Mariaan and I postponed our return with a day to at least see the Sharpes. After all the stress and uncertainty Les clearly was moved when they arrived in the evening.
The next day we tried to catch a tiger fish but only got hold of three fat catfish. An interesting character rented a boat to us. He was born in Kasane but out of the blue stated that Magnus Malan was still his hero. ‘Why do you say that?’ I asked in surprise. ‘Because he could get things done,’ he answered.
During our last afternoon in Kasane we sailed on a boat on the big old river and enjoyed the beautiful sunset with a beer in hand.
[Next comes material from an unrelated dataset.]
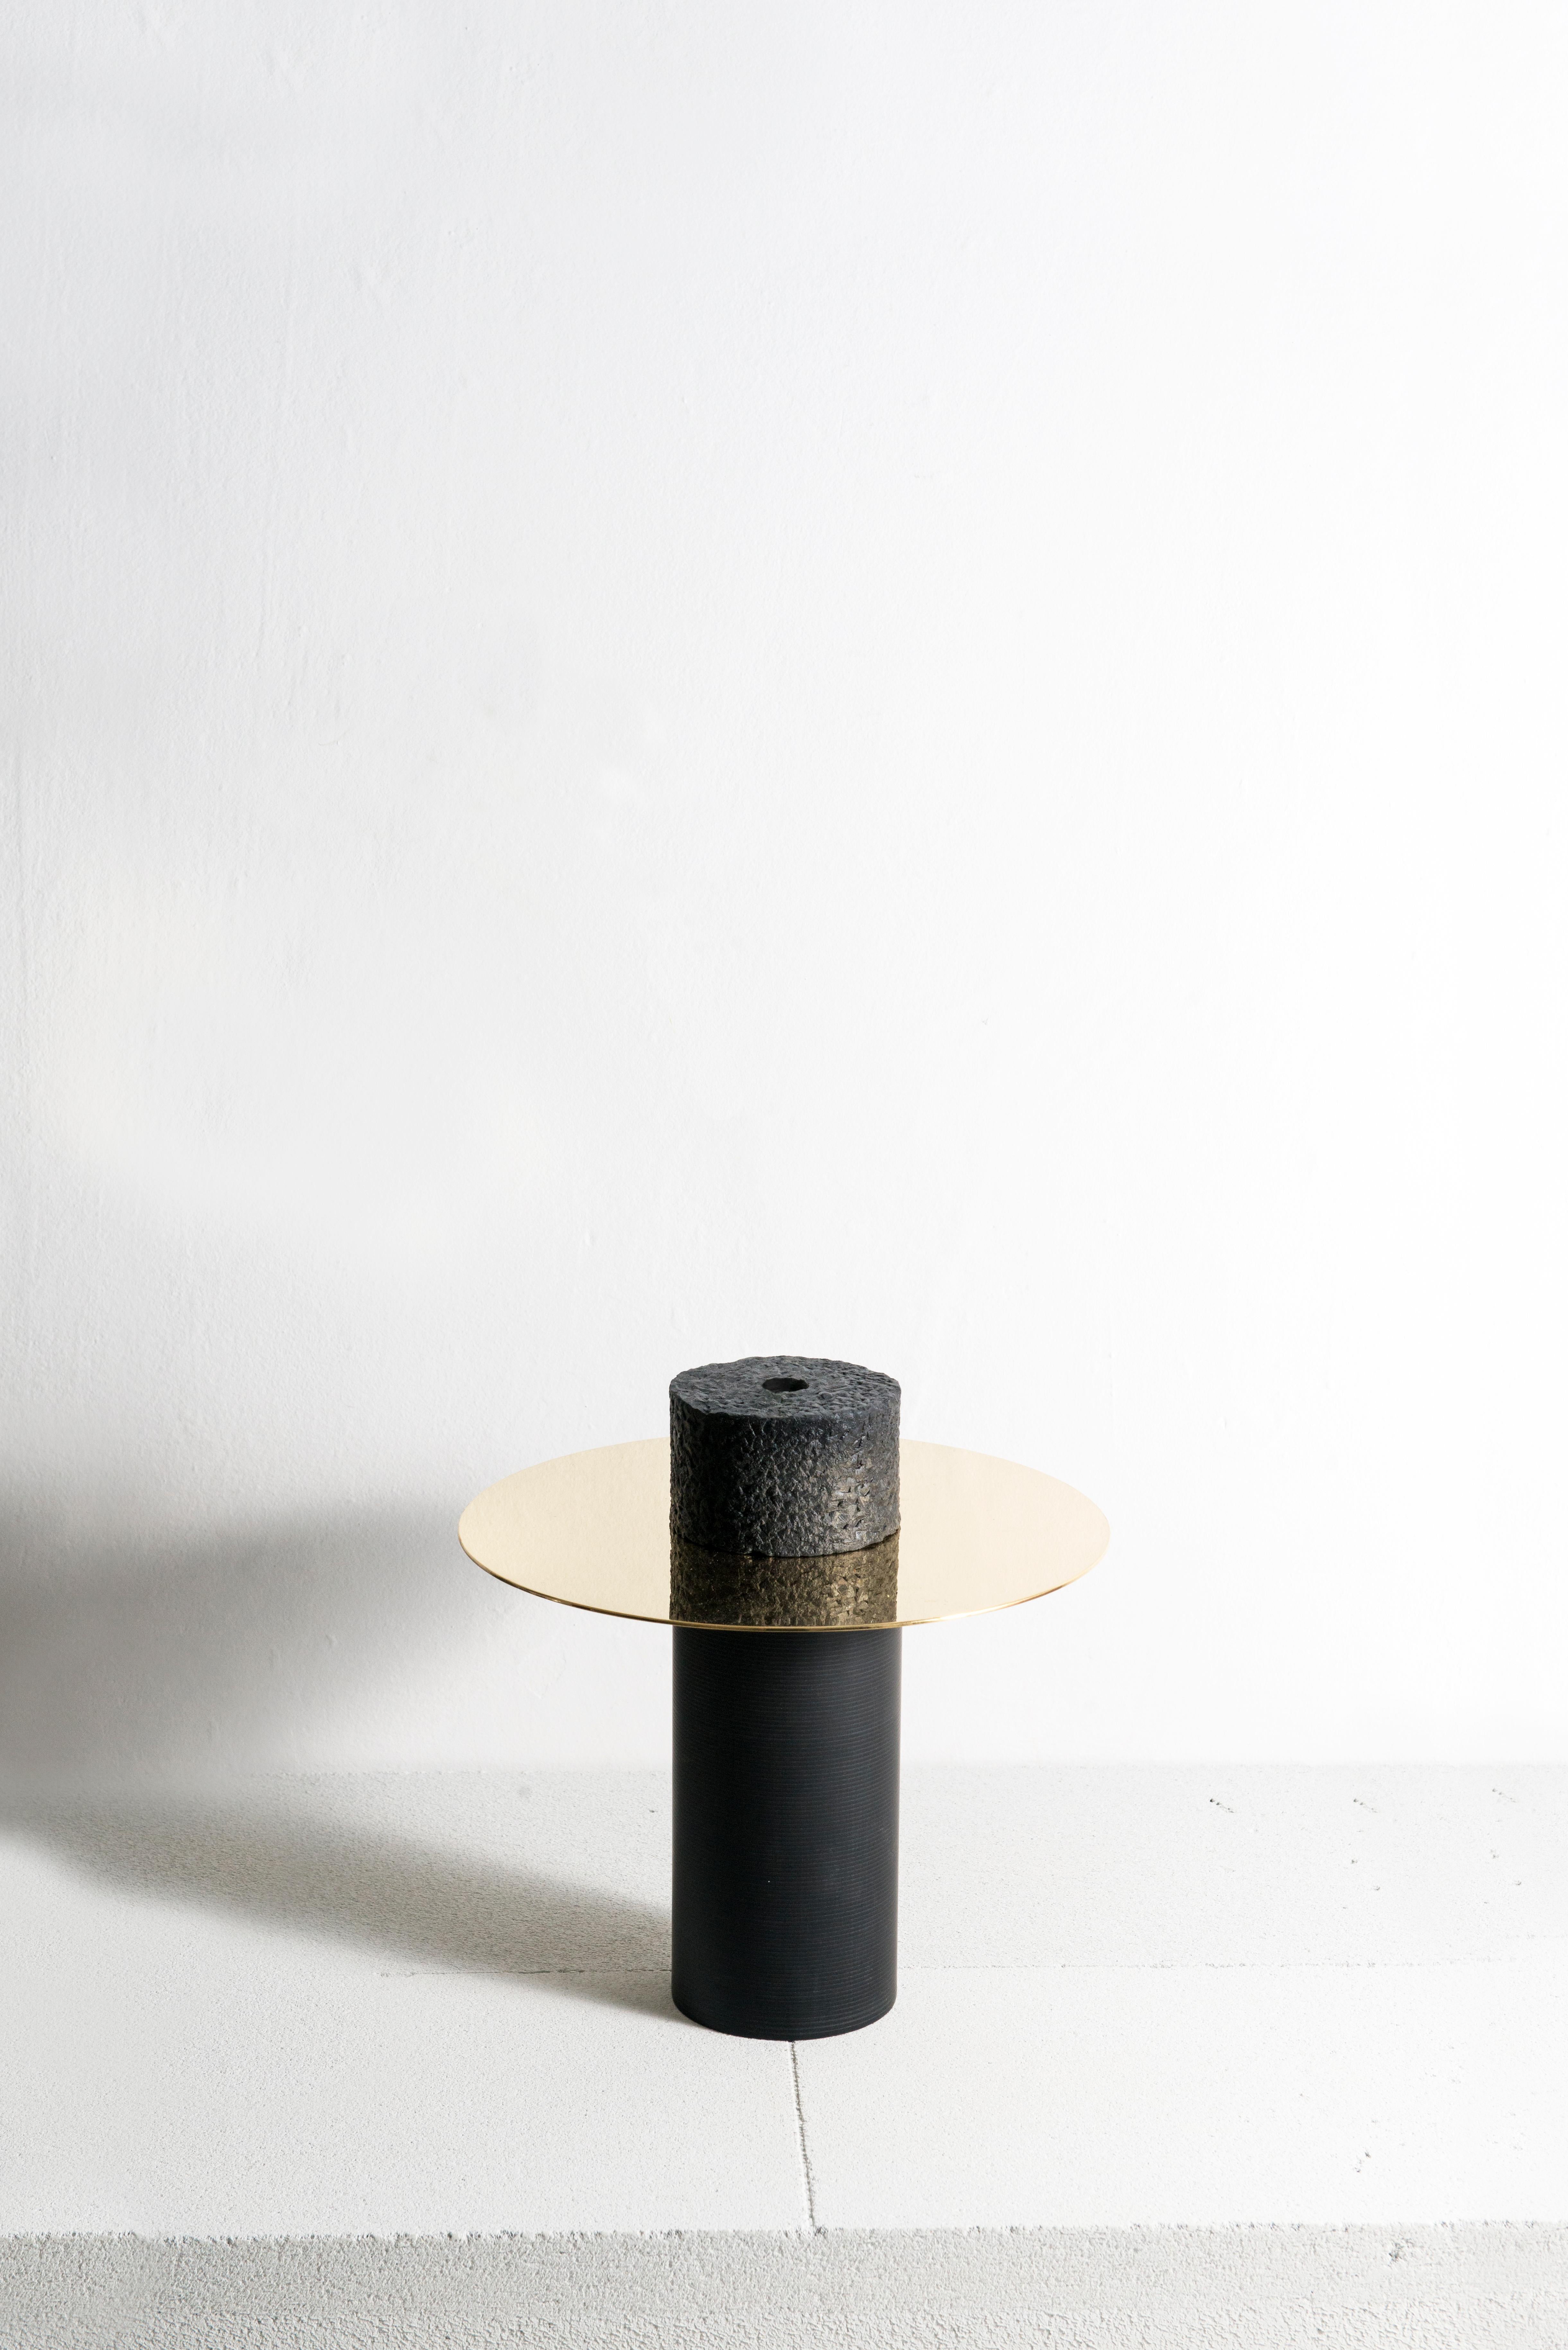 Cavi N.1 Vase in Lavagna Stone or Ardesia and Polished Brass, Limited Edition For Sale 5

It was time to say goodbye to both our old and new friends.
The road back via Francistown was mostly a pleasure, except that I was stopped for speeding just outside Francistown, but the friendly officers let me go after I have made my case. For our last night in Botswana we treated ourselves to a lovely room in a five star hotel. A luxury bathroom and clean white sheets have never been so nice!